In the T1/T2 termination study, the eligibility criteria were: 1) pregnant individual, 18 years of age or older, seeking termination who had already consented to a termination procedure via dilation and curettage (D&C) or dilation and evacuation (D&E); 2) able to speak and read English; 3) ultrasound-confirmed intrauterine pregnancy; 4) ultrasound dating-determined gestational age of 8–24 weeks; 5) have used, within 48 h of pregnancy termination, Δ9-THC-containing cannabis via either oral ingestion or smoking; 6) have not used, during pregnancy, other recreational substances (cocaine, benzodiazepines, opiates, heroin, amphetamines/methamphetamines, or other substances of abuse). A urine toxicology test was administered on the day of the procedure to verify cannabis use and absence of other substance use. Prior to the termination procedure, participants routinely received intravenous (IV) sedatives (e.g., propofol), opioids (e.g., fentanyl), and benzodiazepines (e.g., midazolam). At the time of termination, where possible, maternal blood (5 mL in EDTA tubes), maternal urine, placenta, fetal liver, fetal kidney, and fetal brain tissues were collected. Because of the procedures used for termination, umbilical venous blood could not be collected. MP was separated from blood by centrifugation and immediately stored at 4°C in 1 mL aliquots. MP, placenta and fetal tissues were collected and transported on ice to the University of Washington. Fetal tissues (liver, kidney, and brain) were identified visually and separated within 3 h of collection by an experienced technologist. Placental tissue was divided into 3 specific regions while keeping the villi intact (near umbilical cord, medial, and periphery). Upon identification and separation, the tissues were flash frozen within 1 h of dissection and then immediately stored at −80 °C.
In the T3 delivery study, the eligibility criteria were: 1) pregnant individual, 18–45 years of age; 2) gestational age > 16 weeks as determined by last menstrual period and/or early ultrasound; 3) able to speak and read English or Spanish; 4) singleton fetus; 5) current and ongoing use of Δ9-THC-containing cannabis; 6) during pregnancy, have not used other recreational drugs (heroin, inhalants, crack, cocaine, alcohol, methamphetamine, hallucinogens, prescription pain relievers, or other drugs of abuse); 7) not positive for coronavirus disease (COVID) at delivery (for safety of study personnel during the pandemic).
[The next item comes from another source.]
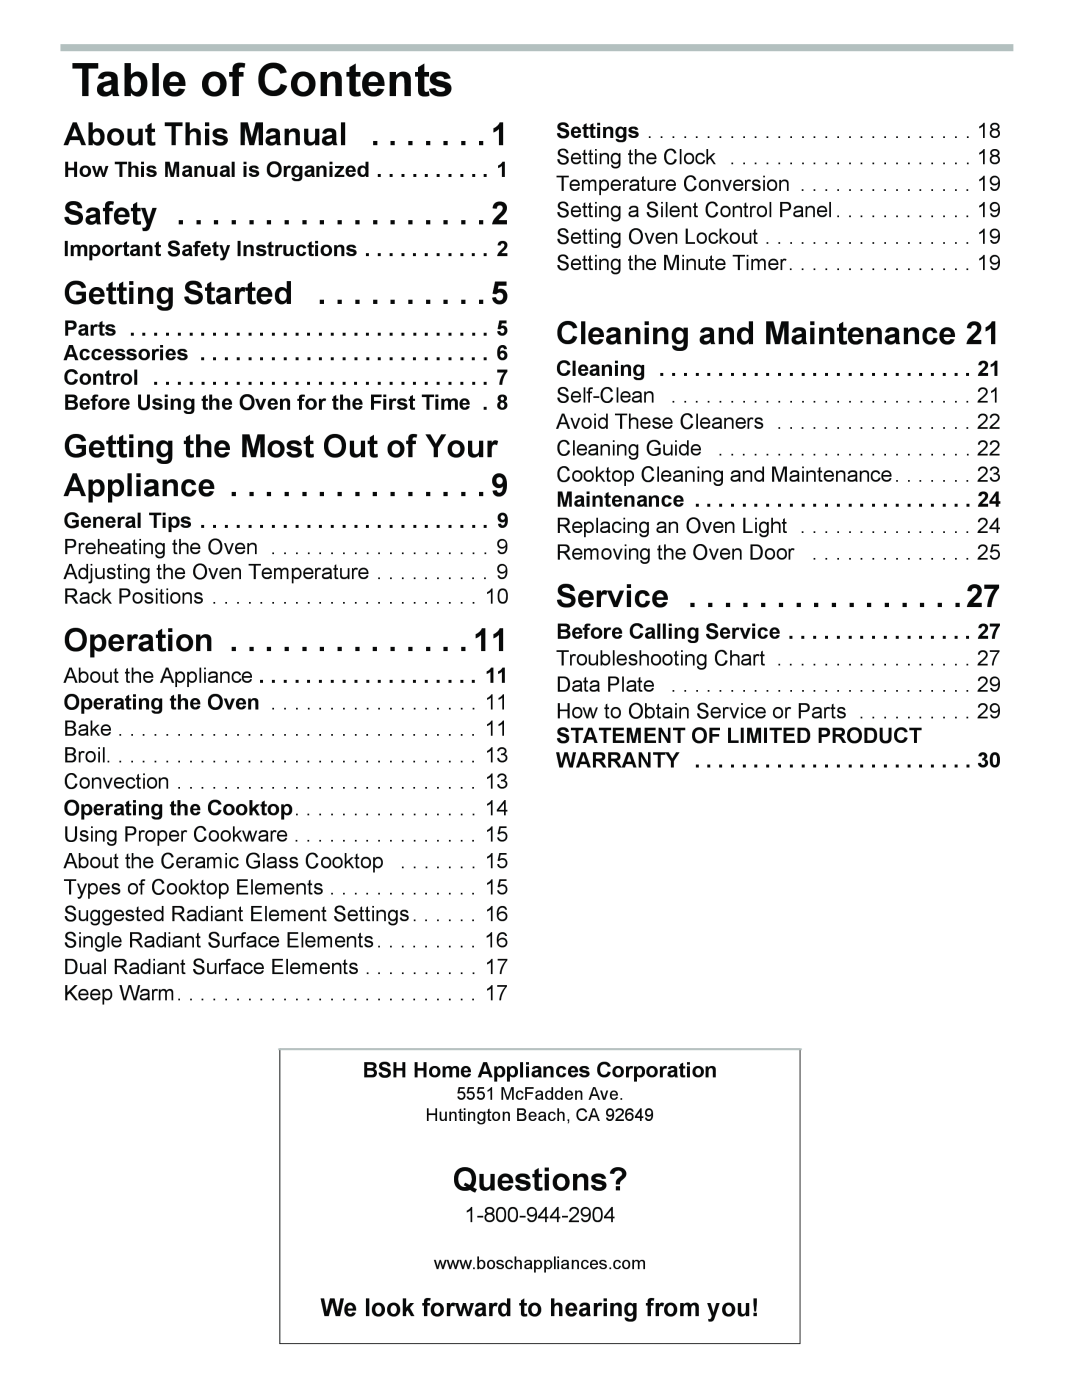 Bosch Appliances HES3063U Table of Contents, About This Manual, Safety, Getting Started, Operation, Service, Questions?

Per obstetrical clinical policy, verbal screening for prenatal cannabis use was conducted at the first prenatal visit, at 26-28 weeks gestation, and at delivery/hospitalization. Participants, upon disclosure of perinatal cannabis use, were counseled regarding prenatal cannabis use-associated risks and were recommended to decrease or cease cannabis use as part of standardized obstetrical practice. At the delivery time, maternal (5 mL) and umbilical venous blood (3 mL) were simultaneously (or < 30 min of one another) collected in EDTA tubes. The samples were processed and stored identically to the T1/T2 study. Decidua was removed from the placenta tissue and the remaining tissue was divided into 3 specific regions while keeping the villi intact (~10 g each; near umbilical cord, medial, and periphery). Within 1 h of delivery, the tissue was rinsed with saline, flash frozen and stored at -80 °C. Samples were shipped to the University of Washington frozen on dry ice.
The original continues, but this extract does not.